*WHAT IS EXPECTED:* In this exercise, print only the lines from the line with "READY TO SHIP MEN'S SOLID GOLD ROLO CHAIN" to the last line of the data below, inclusive. Any pictures should be left out.

━━━━━ DATA SECTION

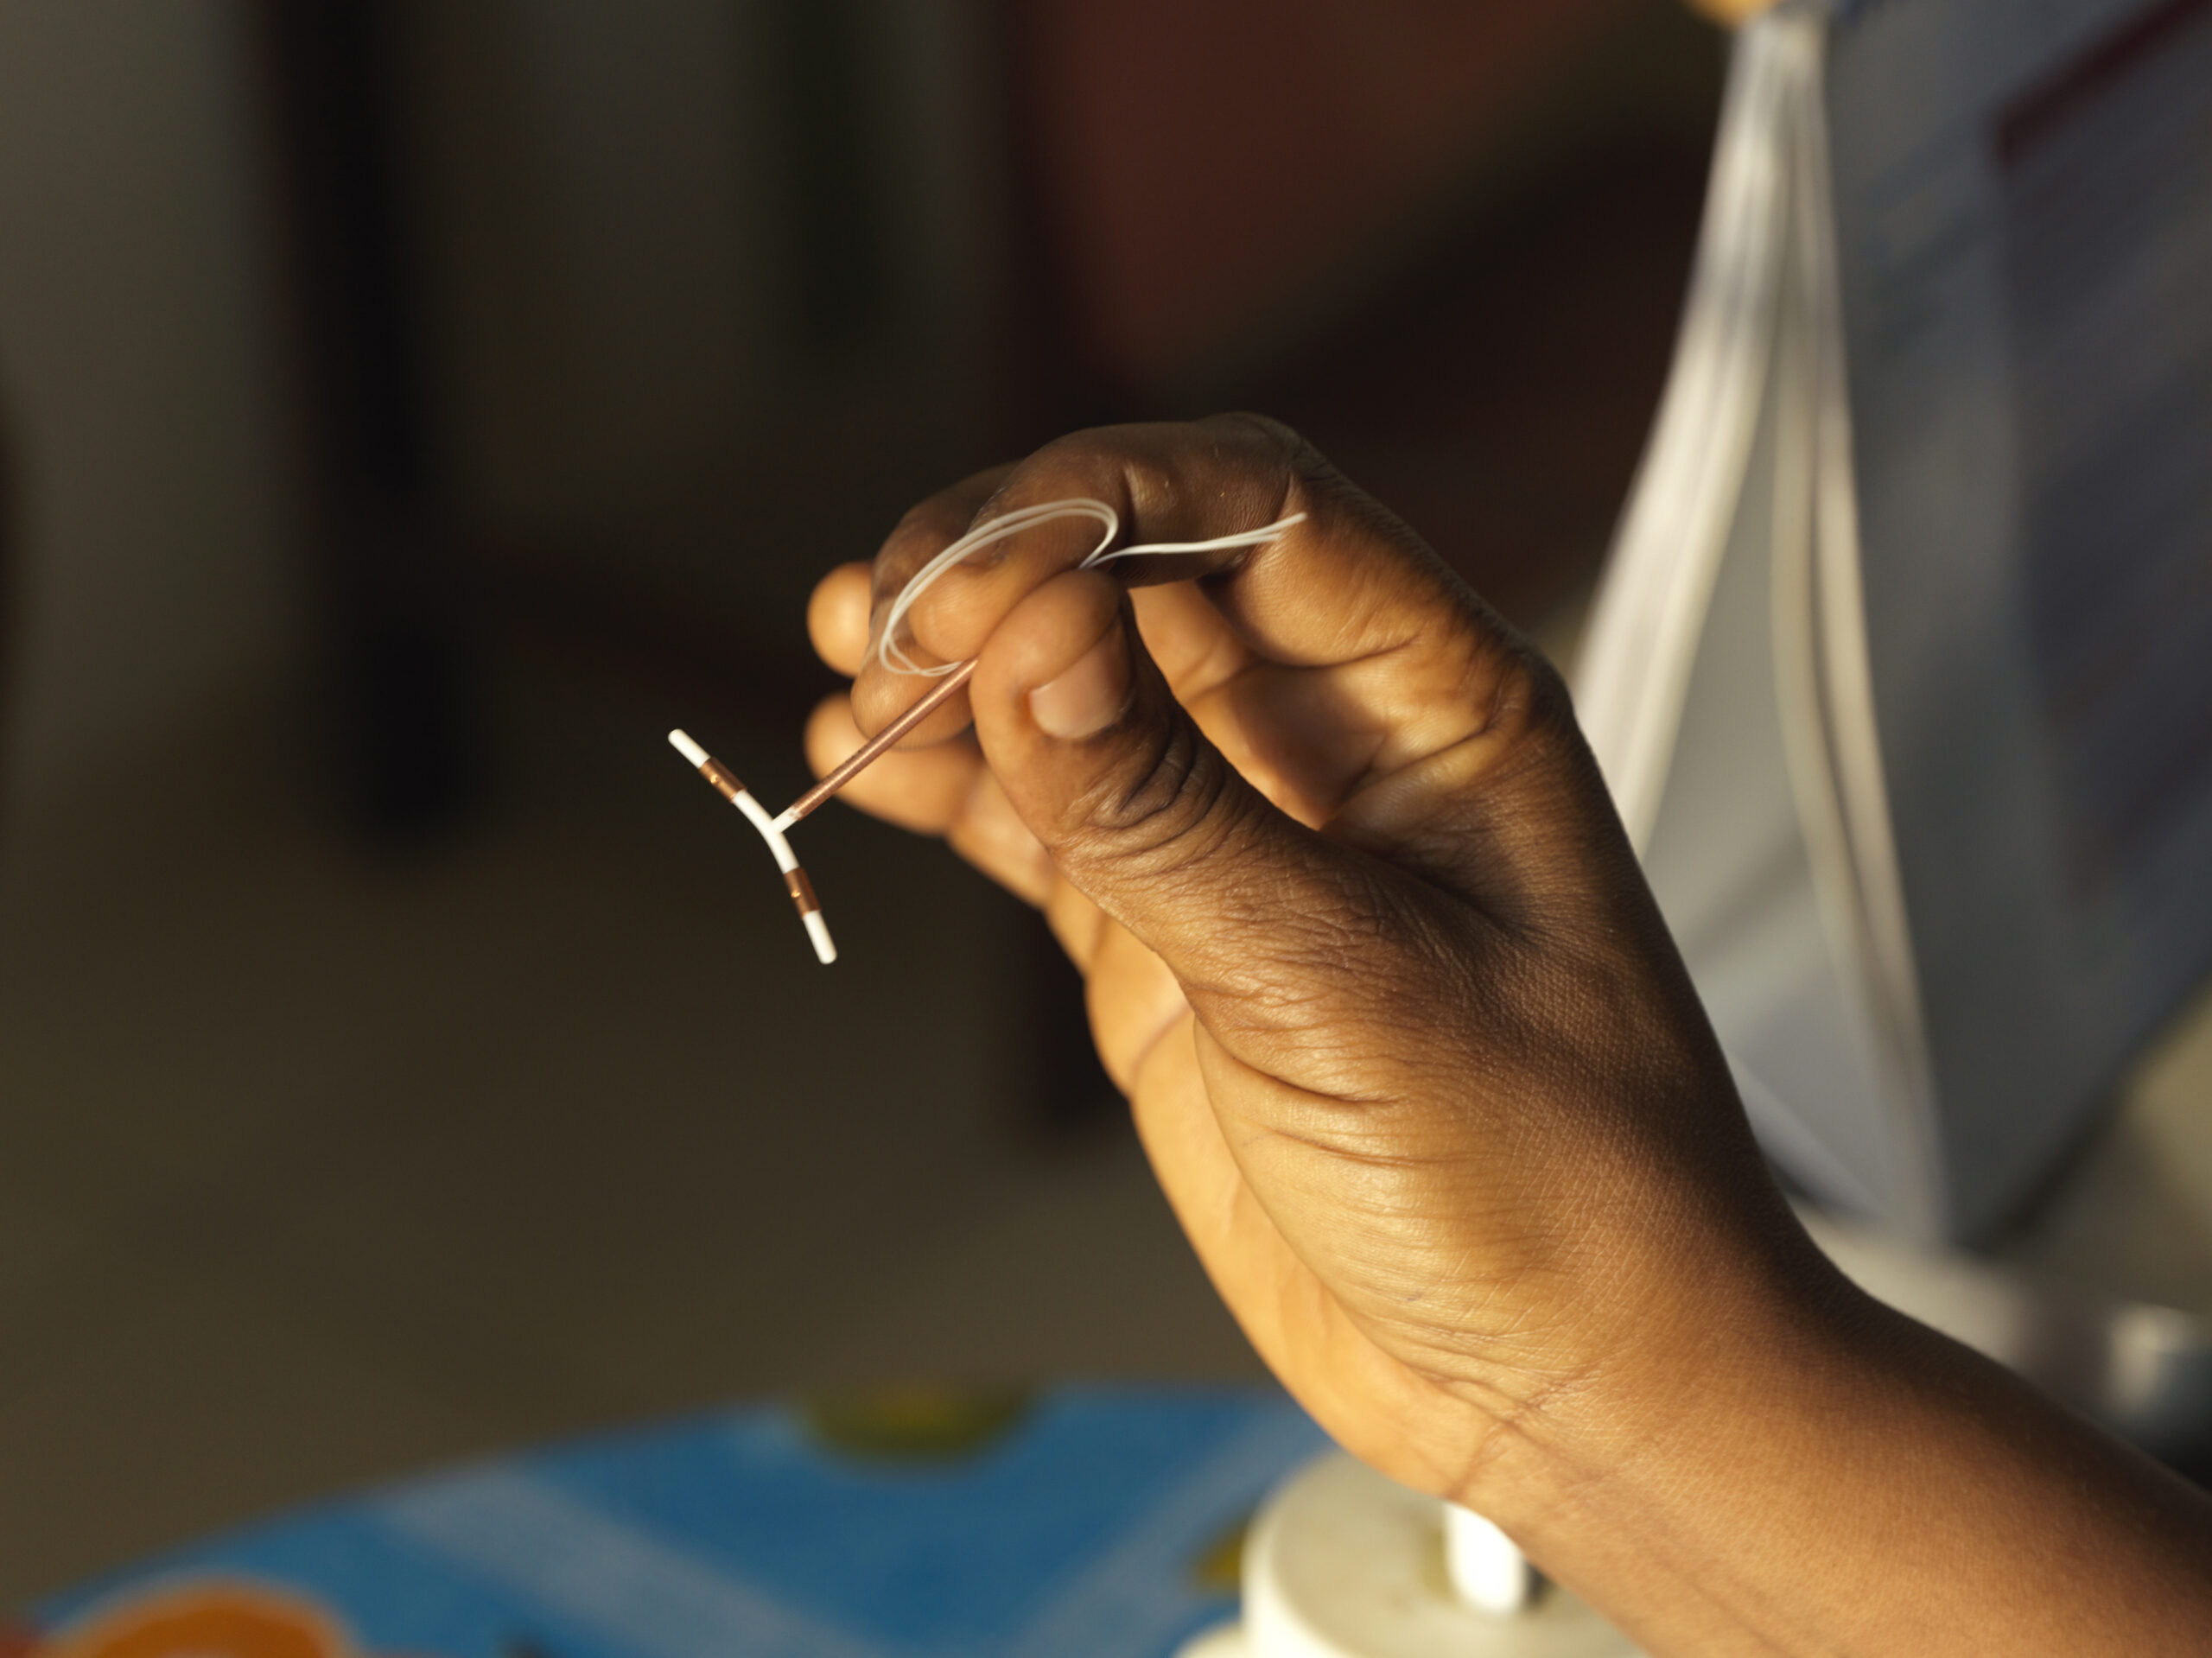 Ghana includes contraceptive services in the national benefits package
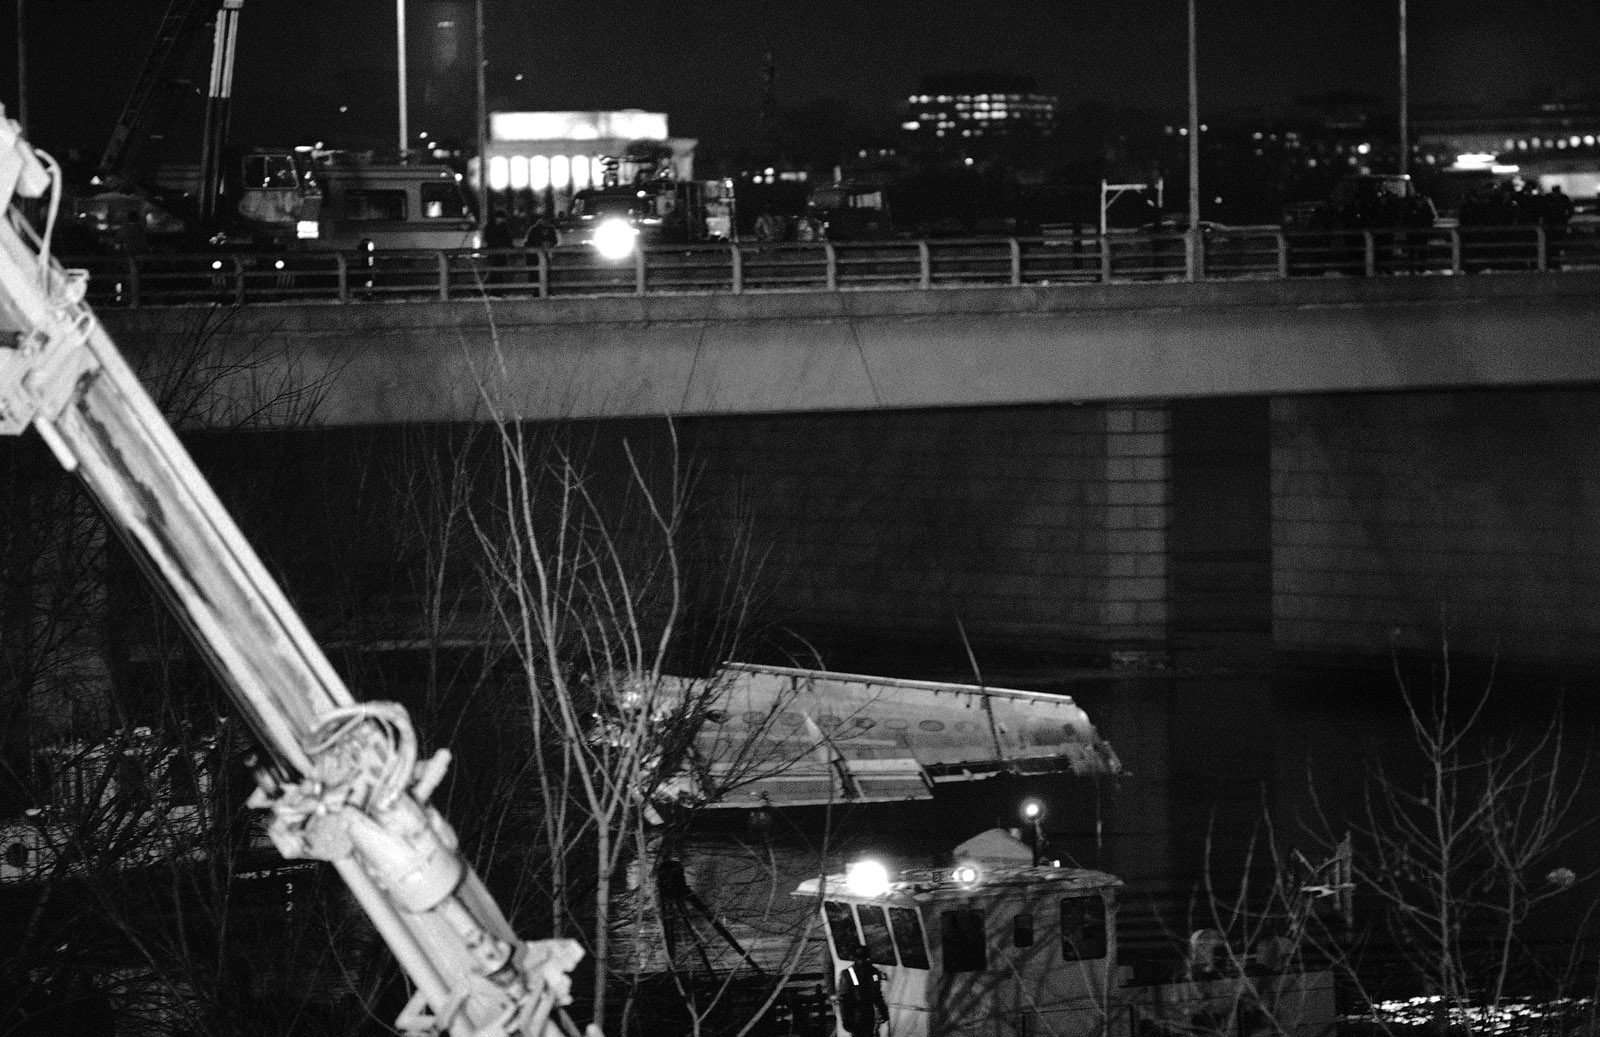 A section of a wing of the Air Florida jetliner which crashed into Washington’s Potomac River on Wednesday is raised from the water, Friday, Jan. 15, 1982. Salvage workers labored through the day Friday, trying to find victims of the crash, portions of the plane and the cockpit recorders which were aboard. (AP Photo)
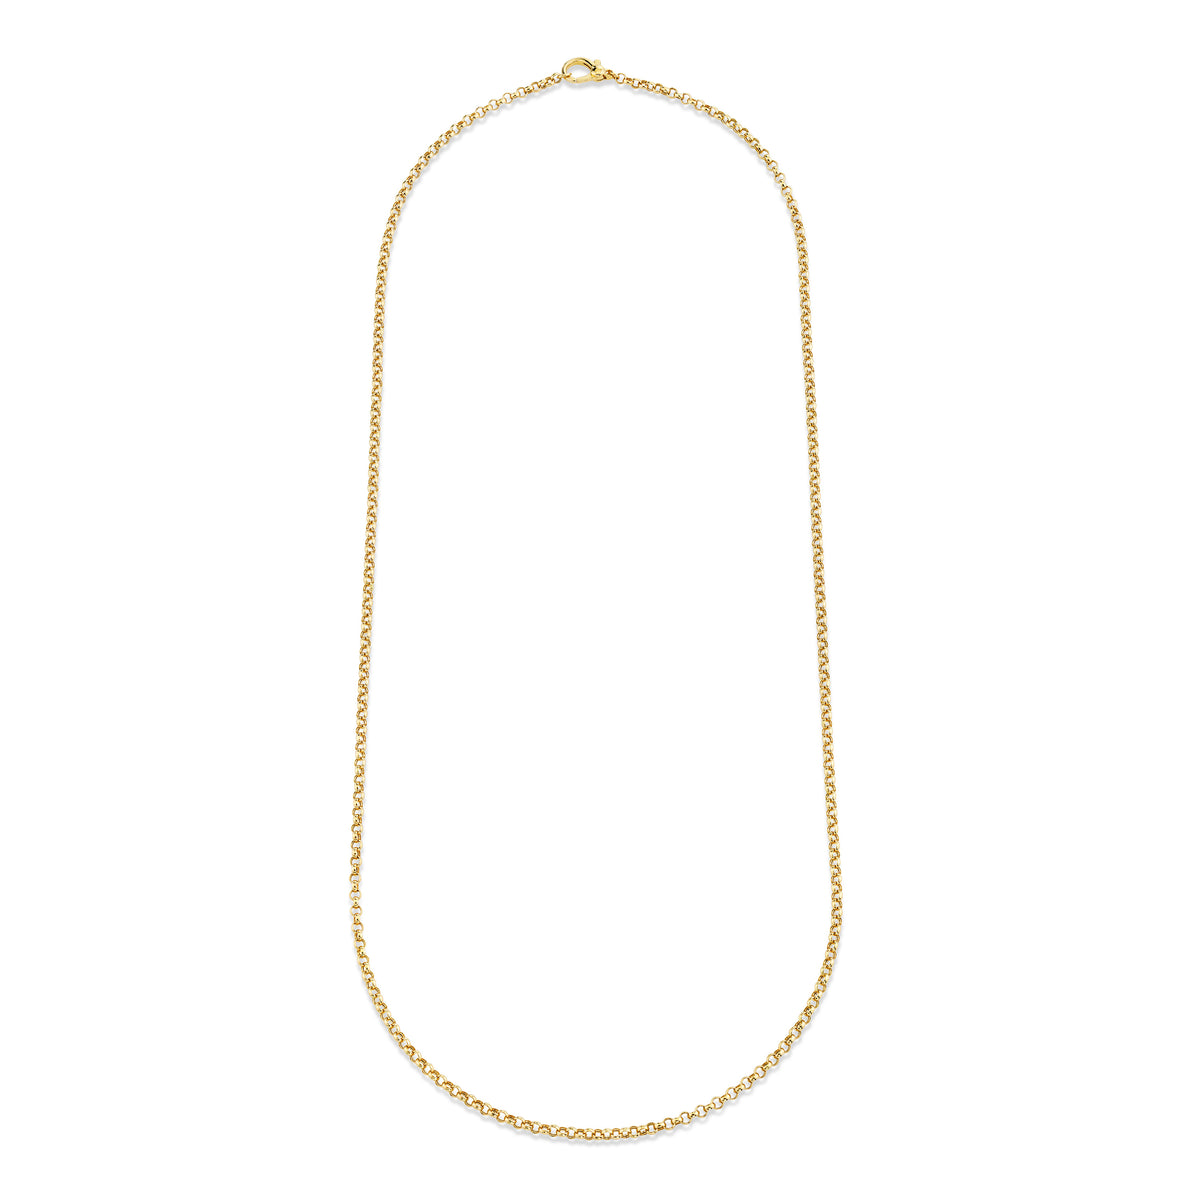 READY TO SHIP MEN'S SOLID GOLD ROLO CHAIN
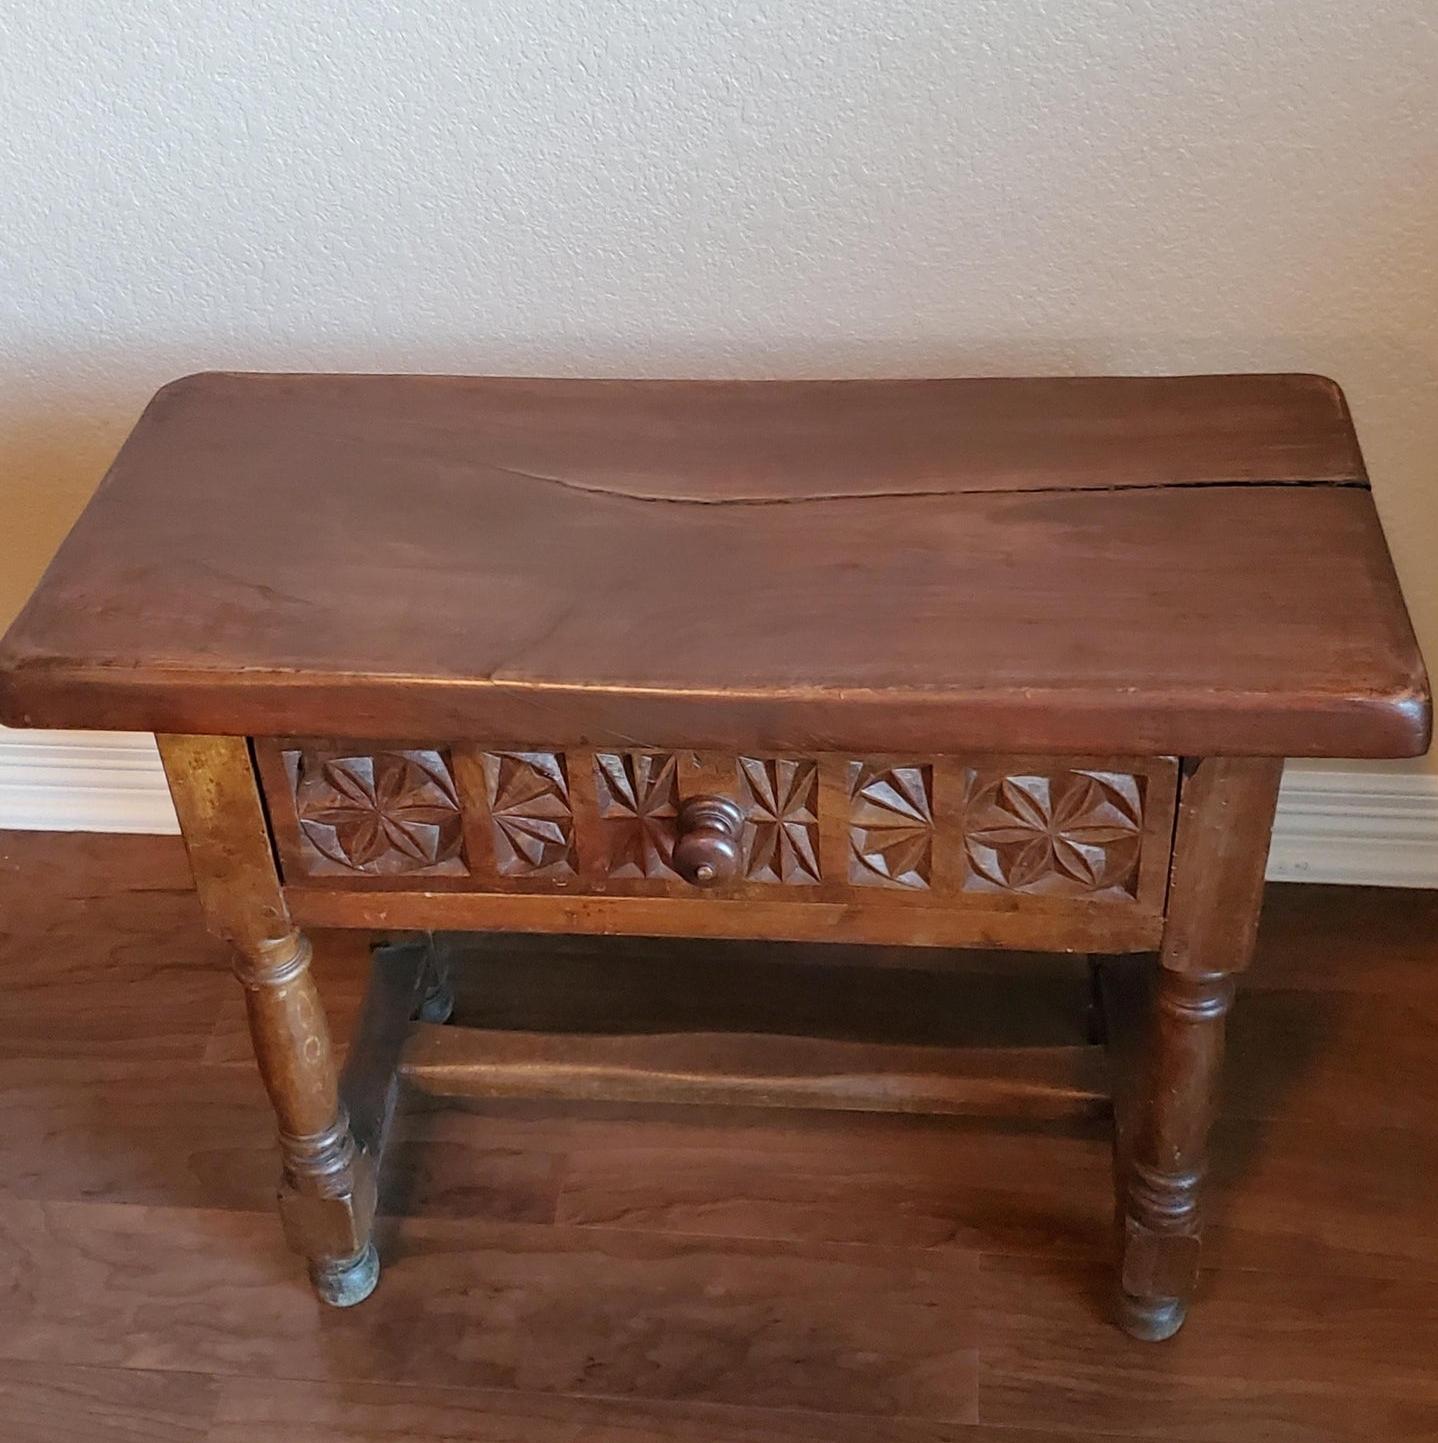 A charming rustic antique Spanish Baroque low table with beautifully aged dark rich patina. circa 1880

Versatile, today it would make for a great end table, chair side table, bedside nightstand, provide additional seating as a stool, small bench,

━━━━━━━━━━

*SOLUTION:*
 READY TO SHIP MEN'S SOLID GOLD ROLO CHAIN
 A charming rustic antique Spanish Baroque low table with beautifully aged dark rich patina. circa 1880

Versatile, today it would make for a great end table, chair side table, bedside nightstand, provide additional seating as a stool, small bench,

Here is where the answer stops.